*Source material:*
========================

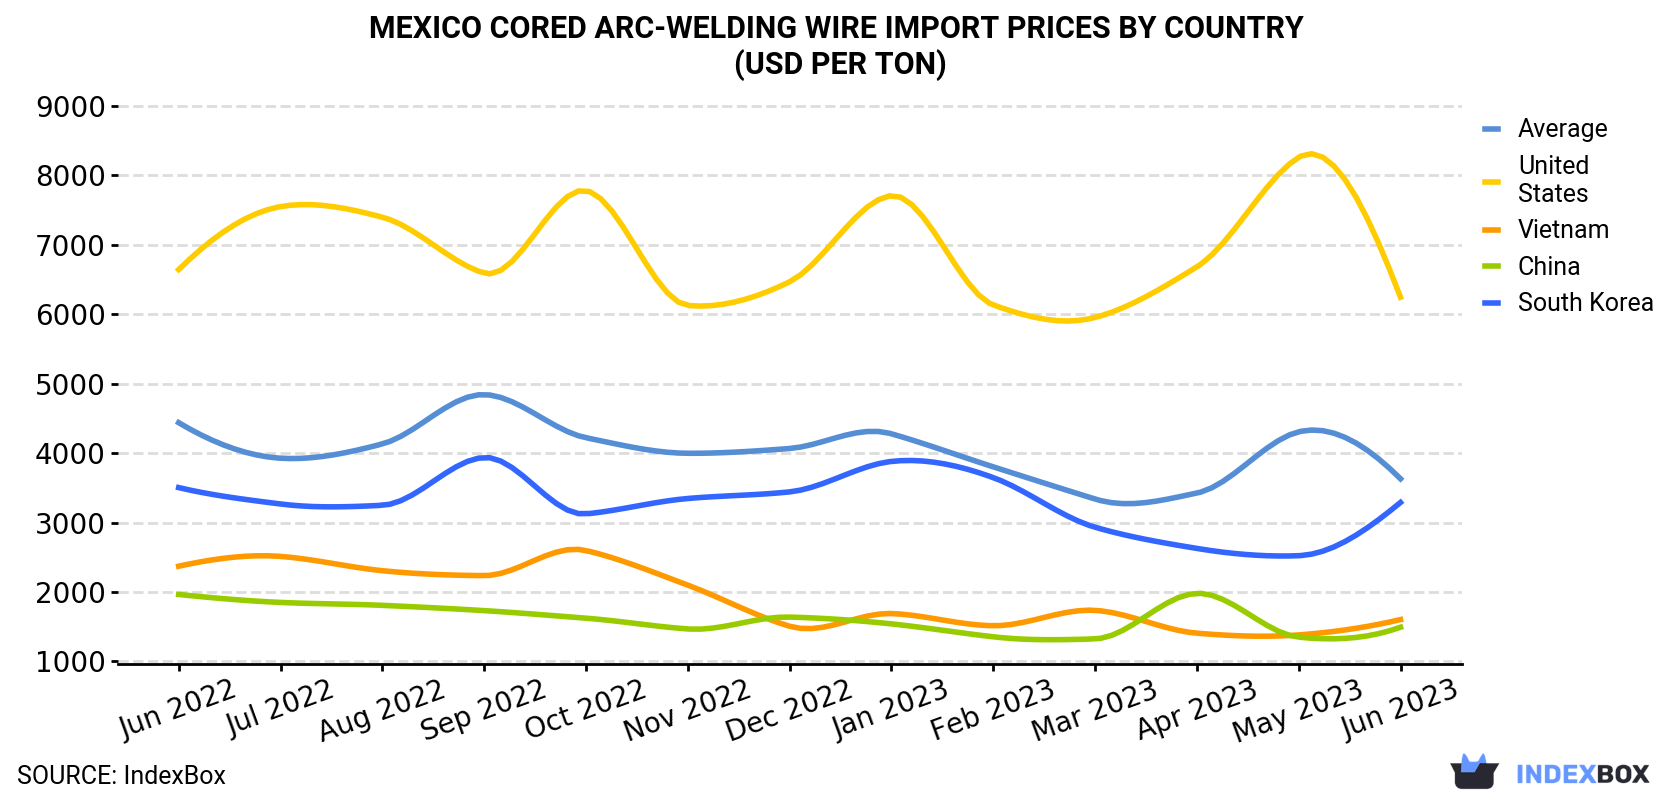 Mexico Cored Arc-Welding Wire Import Prices By Country (USD Per Ton)
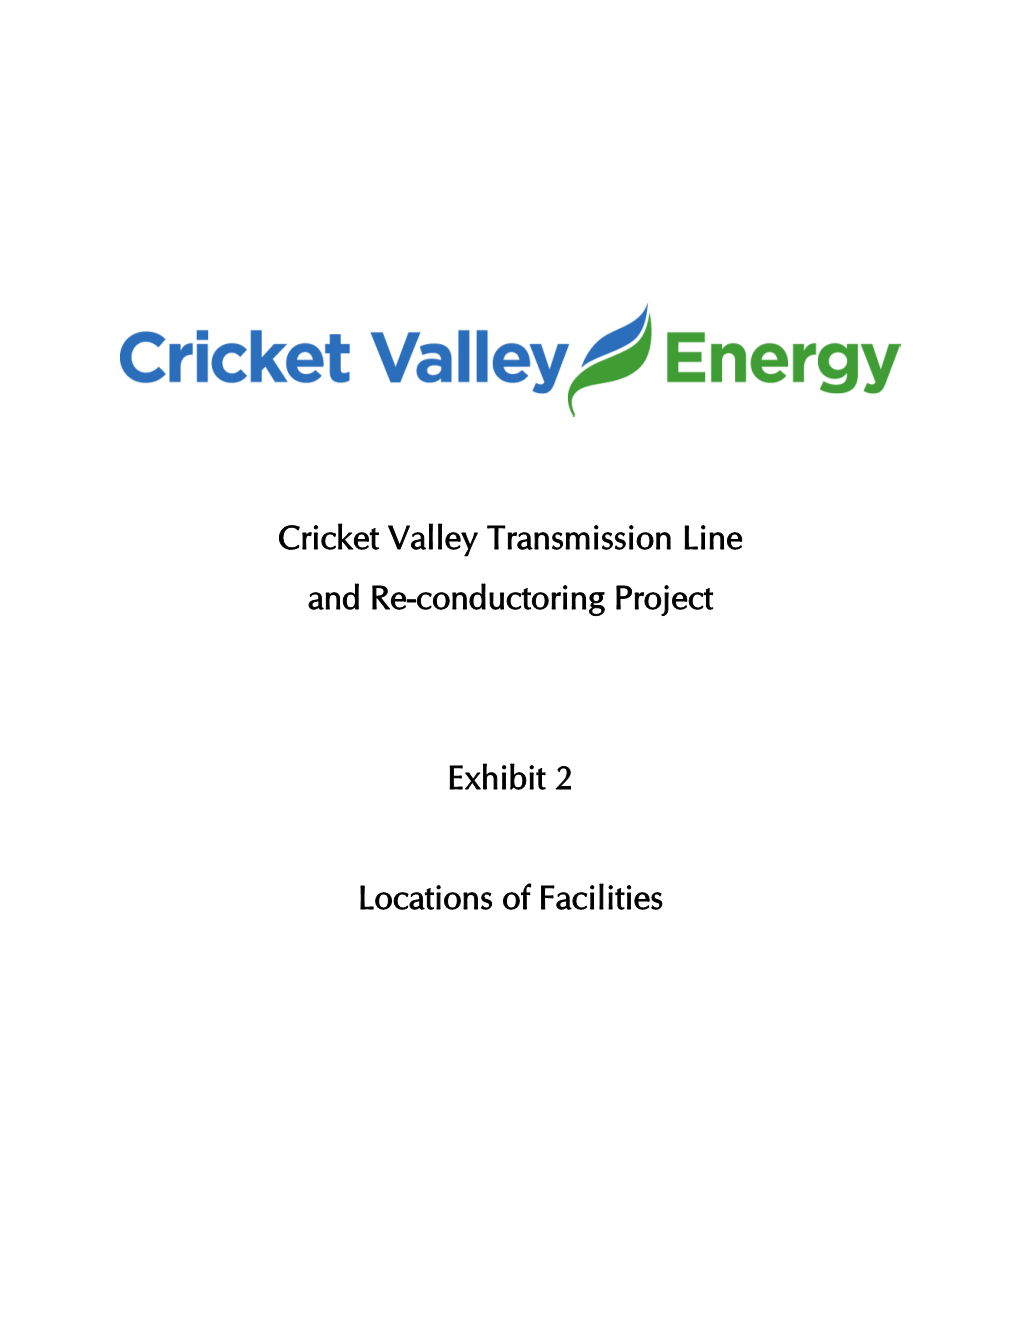 Cricket Valley Transmission Line and Re-Conductoring Project Exhibit 2 Locations of Facilities
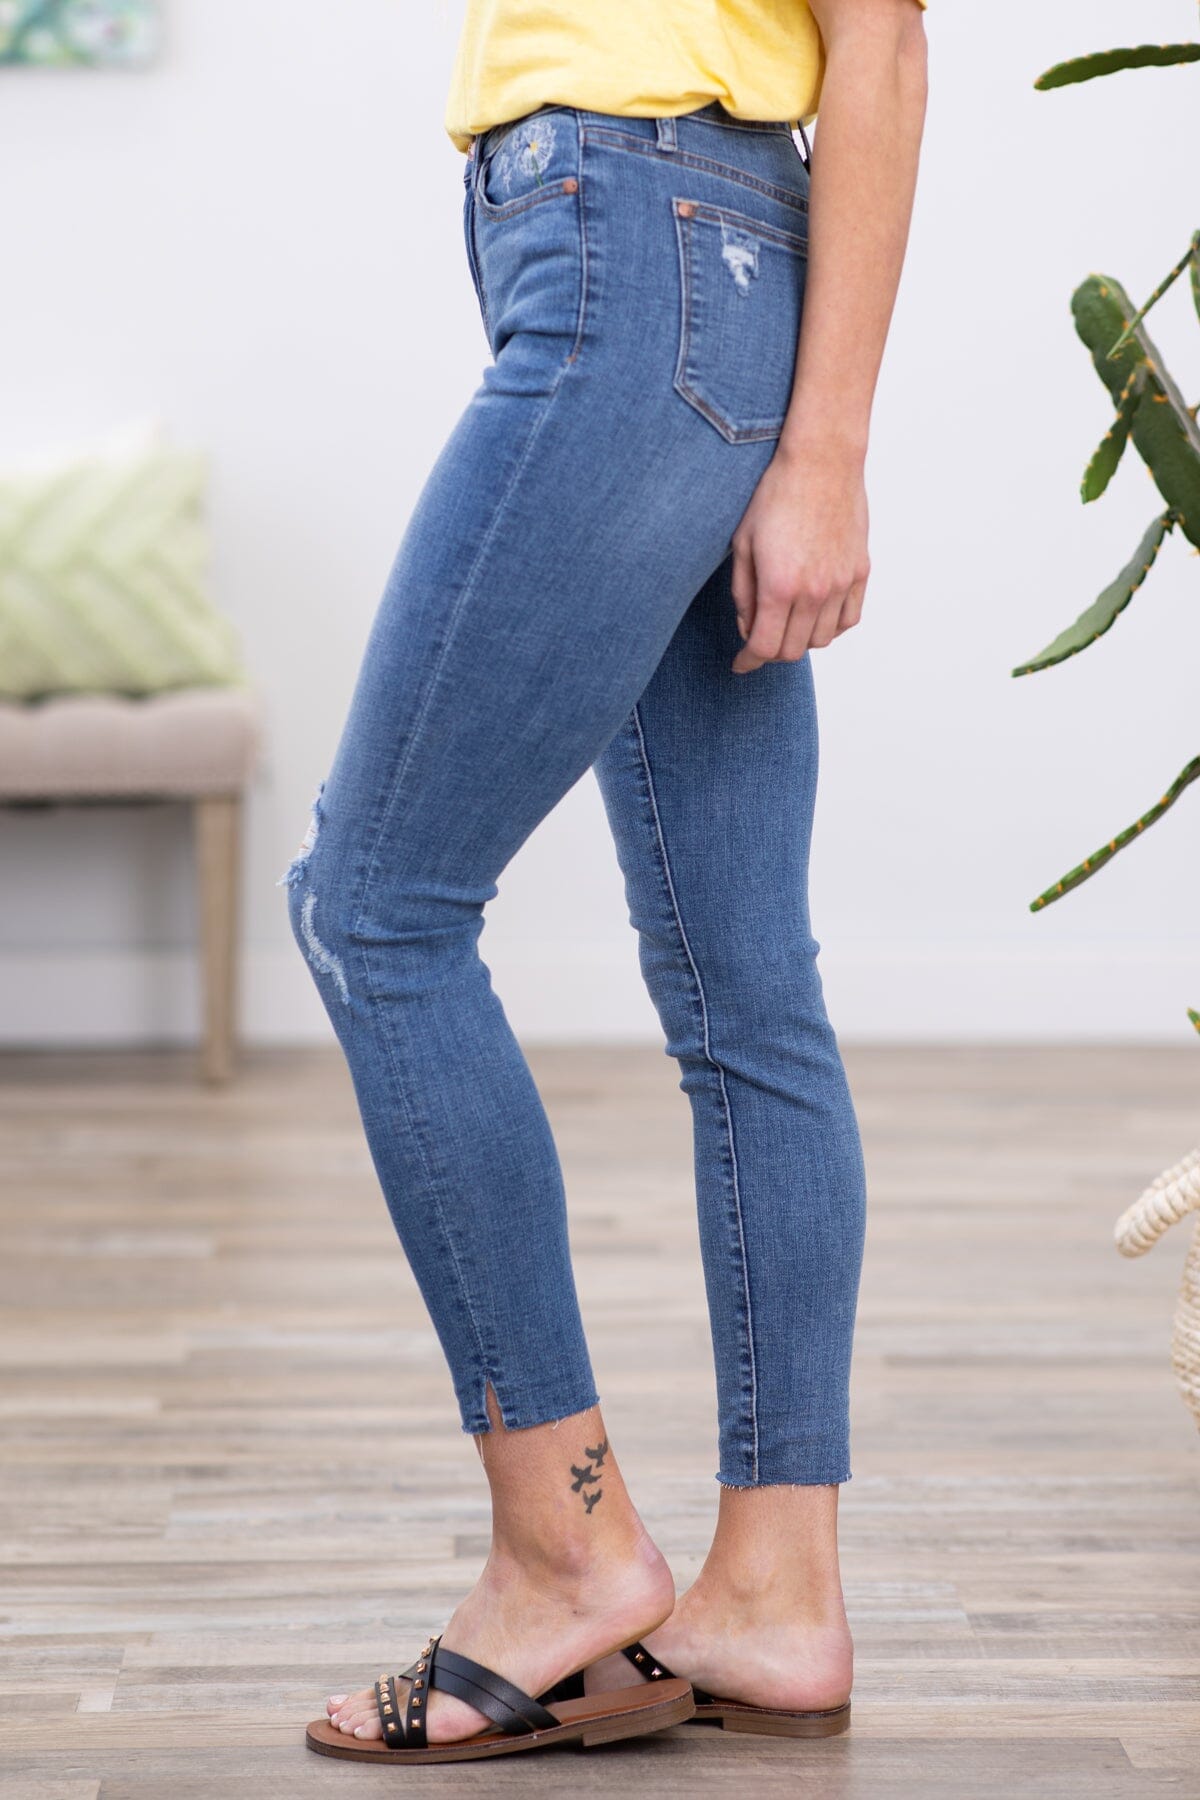 Judy Blue Dandelion Embroidered Jeans - Filly Flair
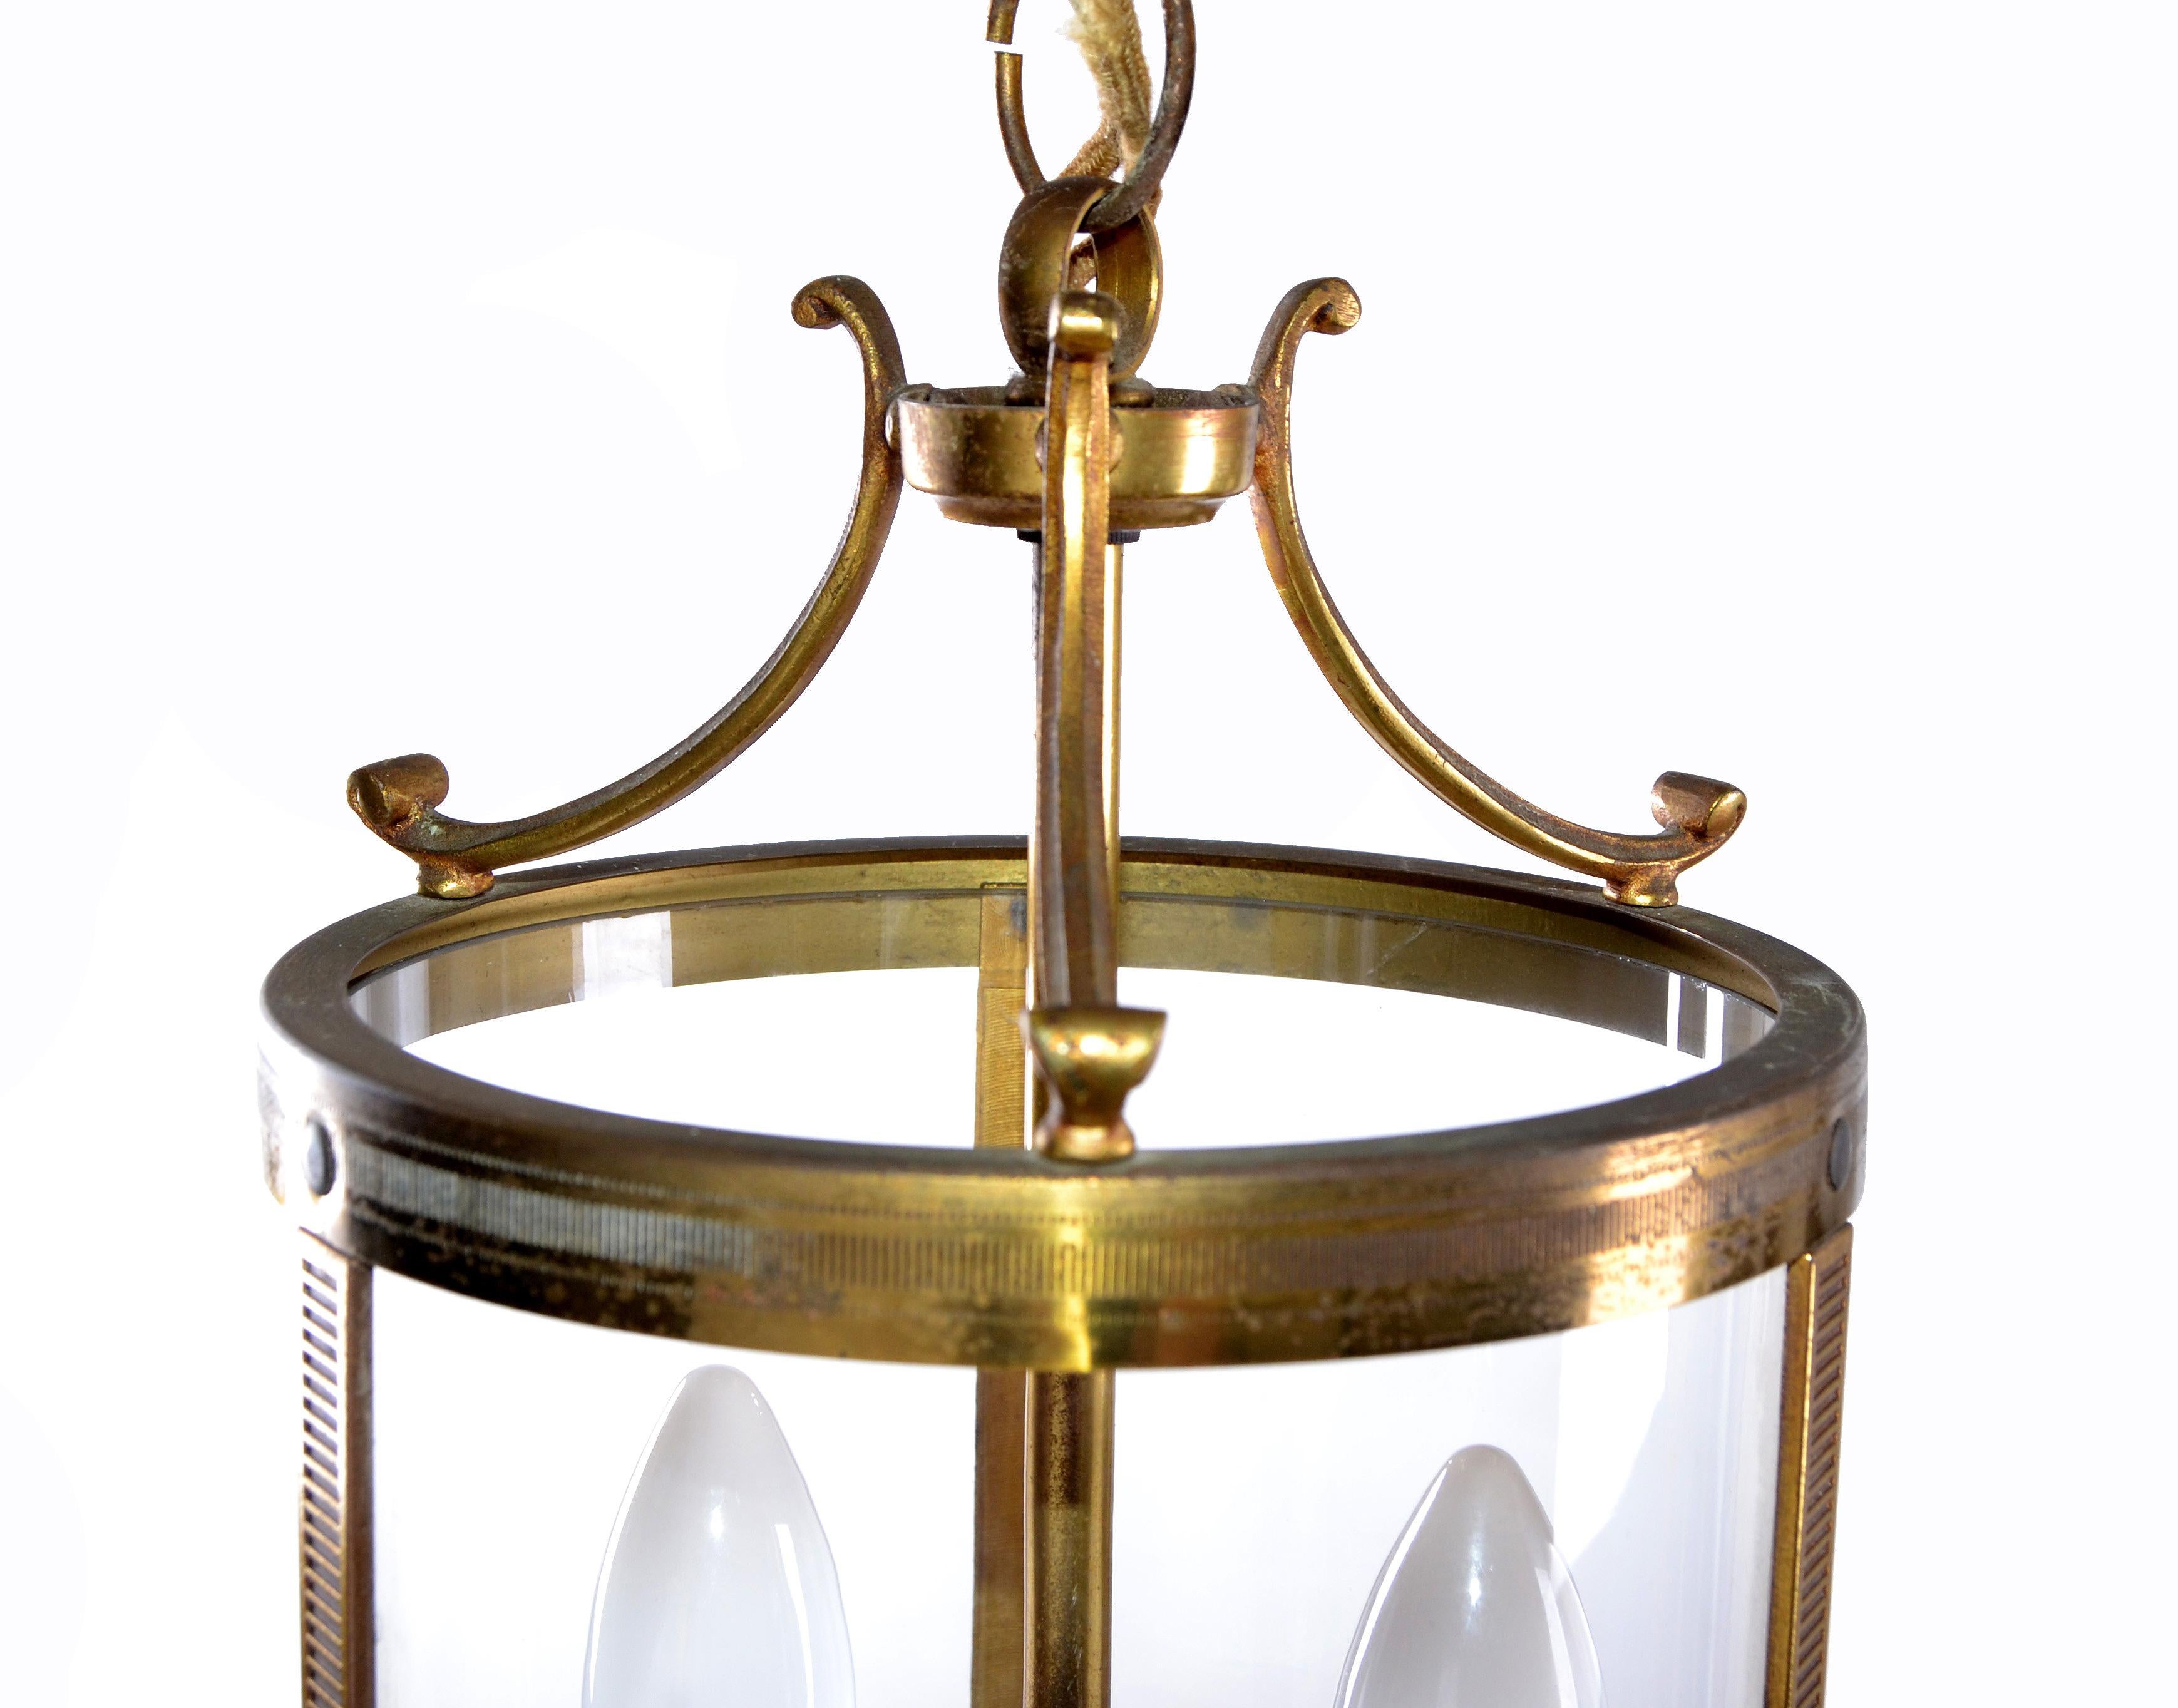 Hand-Crafted French Parisian Two-Light Glass & Bronze Lantern with Canopy

========================

In the copy, no pictures are to appear; write out exactly the lines from the one containing "Judy Blue Dandelion" through the end of the listing above and no further lines.

*Answer to this task:*
 Judy Blue Dandelion Embroidered Jeans - Filly Flair
 Hand-Crafted French Parisian Two-Light Glass & Bronze Lantern with Canopy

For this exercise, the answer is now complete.